NUNUKAN – Memasuki hari pertama berkantor pasca libur Idulfitri 1446 H, Perumda Air Minum Tirta Taka Kabupaten Nunukan langsung mendapat perhatian dari DPRD setempat. Pada Rabu (9/4/2025), sejumlah anggota DPRD Nunukan melakukan kunjungan kerja ke kantor Perumda Tirta Taka guna meninjau langsung upaya peningkatan layanan air bersih kepada masyarakat.

Kunjungan ini sekaligus menjadi momen bagi Perumda untuk memaparkan langkah-langkah strategis yang telah dan akan ditempuh dalam menjawab tantangan penyediaan air bersih, khususnya di tengah ancaman musim kemarau dan keterbatasan infrastruktur.

Komitmen Tingkatkan Layanan

Direktur Perumda Tirta Taka, Masdi, menyampaikan bahwa pihaknya terus berupaya maksimal untuk mengoptimalkan pelayanan air bersih, sejalan dengan arahan Bupati Nunukan H. Irwan Sabri.
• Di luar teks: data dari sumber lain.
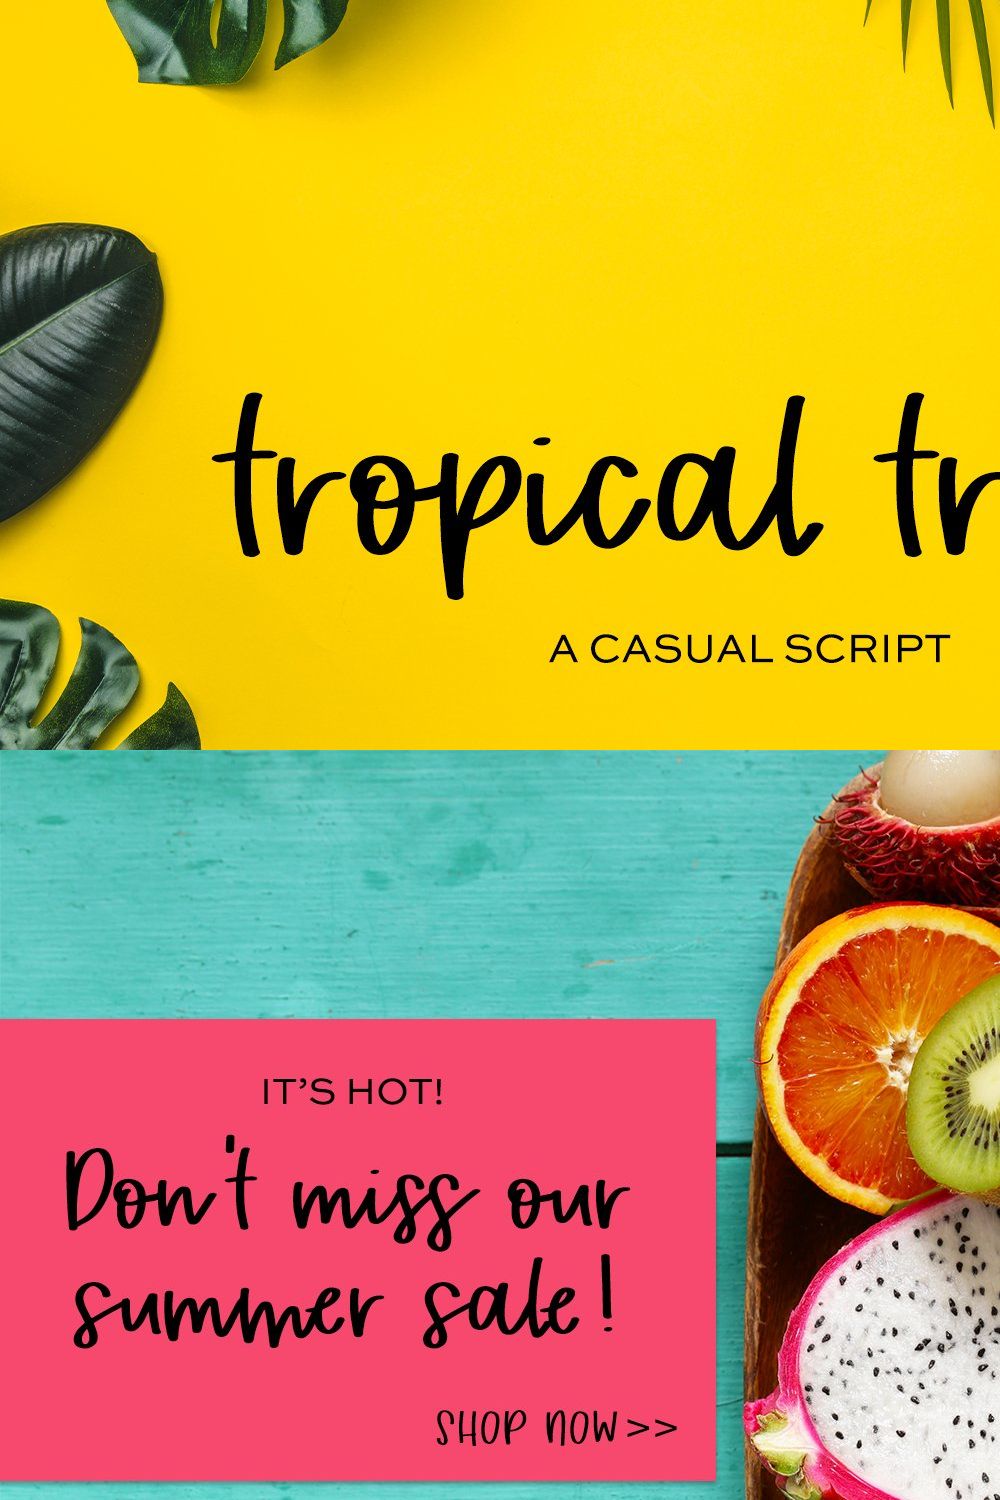 Tropical Trail Script Font pinterest preview image.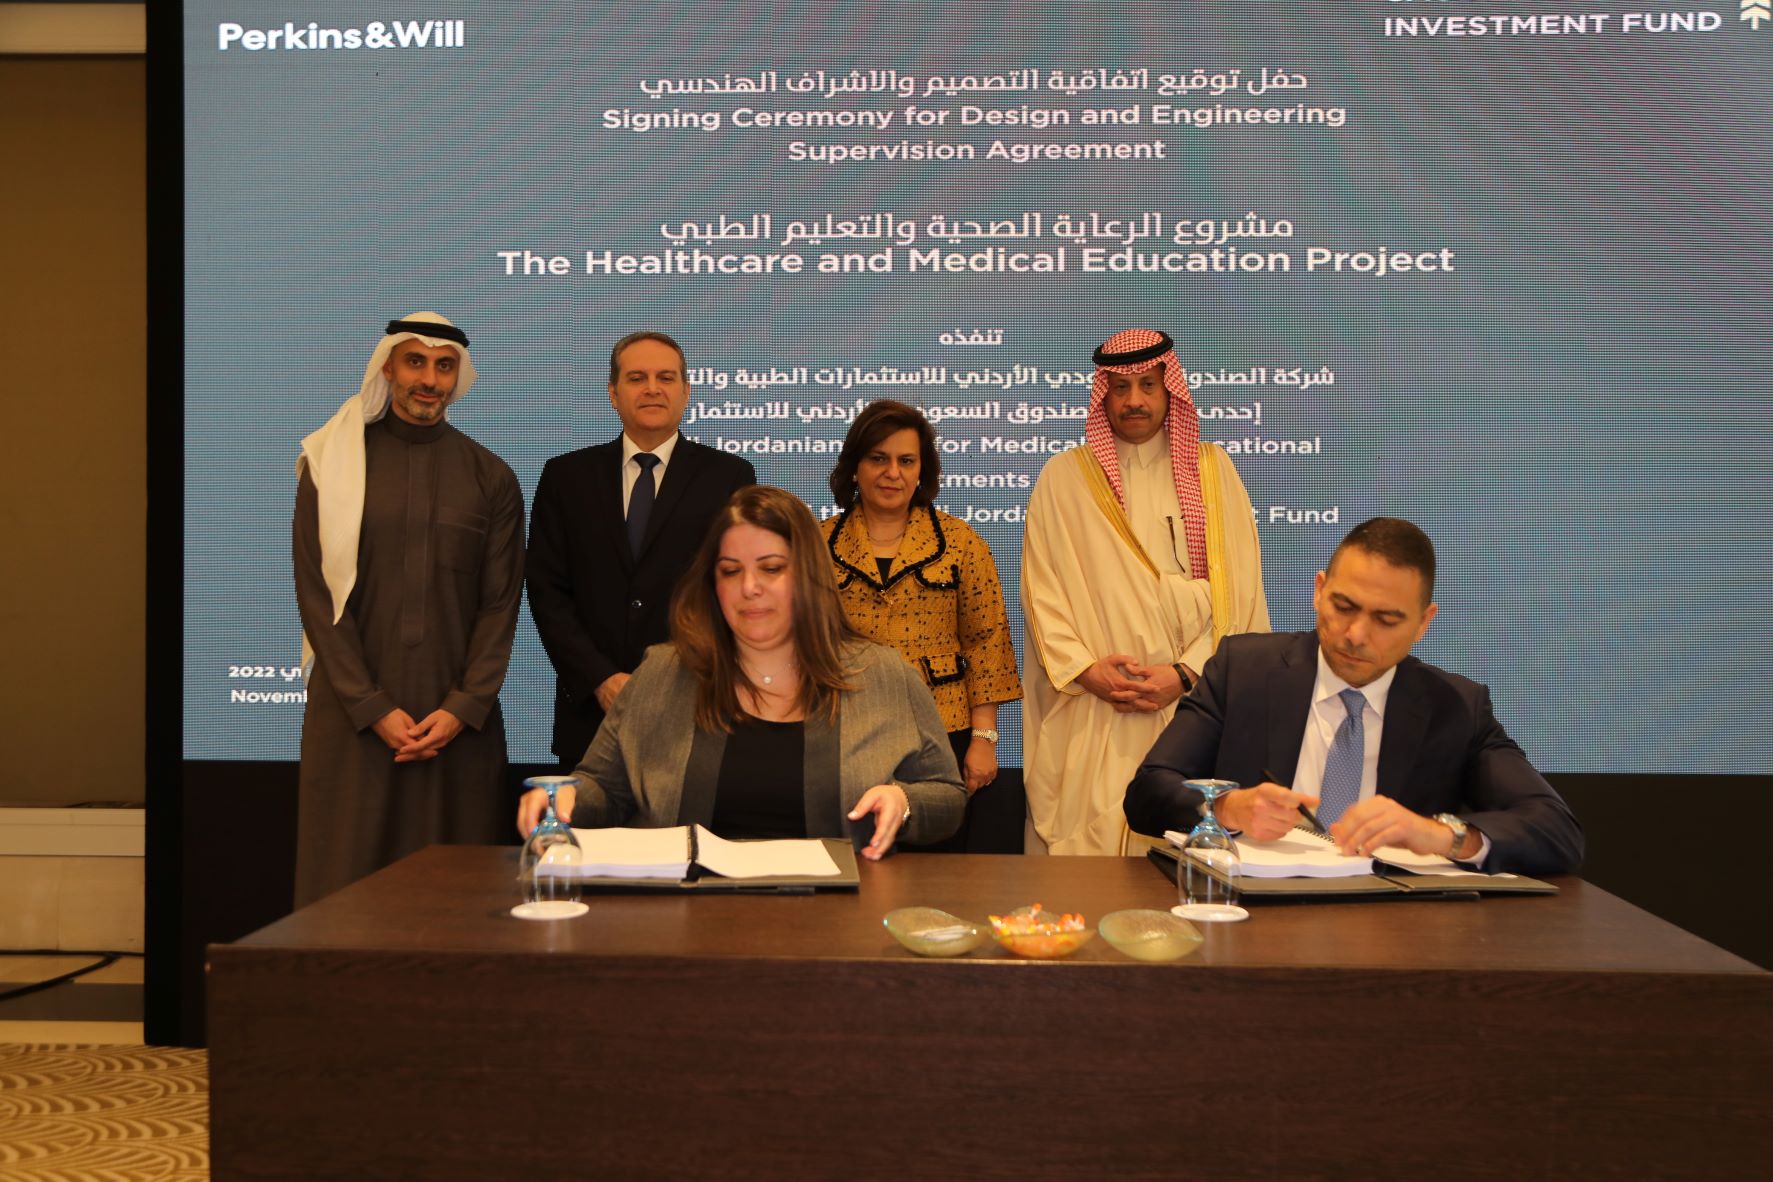 مندوبة عن رئيس الوزراء، وزيرة الاستثمار ترعى توقيع اتفاقية بين الصندوق السعودي الأردني للاستثمار و شركة دار الهندسة  للتصميم والإشراف الهندسي  لمشروع الرعاية الصحية

“Kami terus melakukan perbaikan layanan, termasuk pengerukan embung, perluasan jaringan distribusi, dan peningkatan kapasitas produksi. Semua ini demi memenuhi kebutuhan dasar masyarakat akan air bersih,” jelas Masdi.
Masdi menegaskan, peningkatan kualitas layanan menjadi prioritas utama Perumda saat ini. Pihaknya juga tengah menjajaki berbagai inovasi dan pendekatan teknologi dalam pengelolaan air untuk menjawab tantangan yang ada, seperti perubahan iklim, pertumbuhan penduduk, dan keterbatasan sumber daya.

Dukungan dan Sinergi dari DPRD

Wakil Ketua DPRD Nunukan, Hj. Andi Mariyati, mengapresiasi keseriusan Perumda dalam menangani persoalan air bersih. Ia menekankan pentingnya sinergi antara pemerintah daerah dan Perumda untuk mewujudkan solusi berkelanjutan.

“Kami mendukung penuh langkah Perumda. Yang terpenting, program-program peningkatan pelayanan tidak hanya sebatas rencana, tapi harus segera terealisasi,” ujarnya.
Hal senada disampaikan Ketua Komisi II DPRD Nunukan, Andi Fajrul Syam, SH, yang menyebut Perumda perlu segera memperluas jaringan pipa ke wilayah-wilayah yang belum terlayani serta merealisasikan pengerukan embung sebagai solusi menghadapi musim kering.

“Ketersediaan air bersih adalah kebutuhan mendasar. Kami siap mengawal upaya Perumda, bahkan jika perlu mendampingi langsung ke instansi-instansi vertikal, termasuk Balai Pengairan maupun Kementerian,” ungkapnya.

Langkah Mandiri dan Inisiatif Lokal

Dalam diskusi, juga muncul dorongan agar Perumda bisa lebih mandiri dalam mengembangkan infrastruktur, termasuk upaya pembelian pipa tanpa sepenuhnya bergantung pada APBD. Anggota Komisi I, Donal, S.Pd, menekankan perlunya Perumda segera bersurat dan menjalin koordinasi intensif dengan balai terkait untuk mempercepat realisasi rencana pembangunan.

“Perumda harus proaktif. Kita harus jadwalkan koordinasi agar target peningkatan layanan air bersih di tahun ini bisa dicapai,” tandasnya.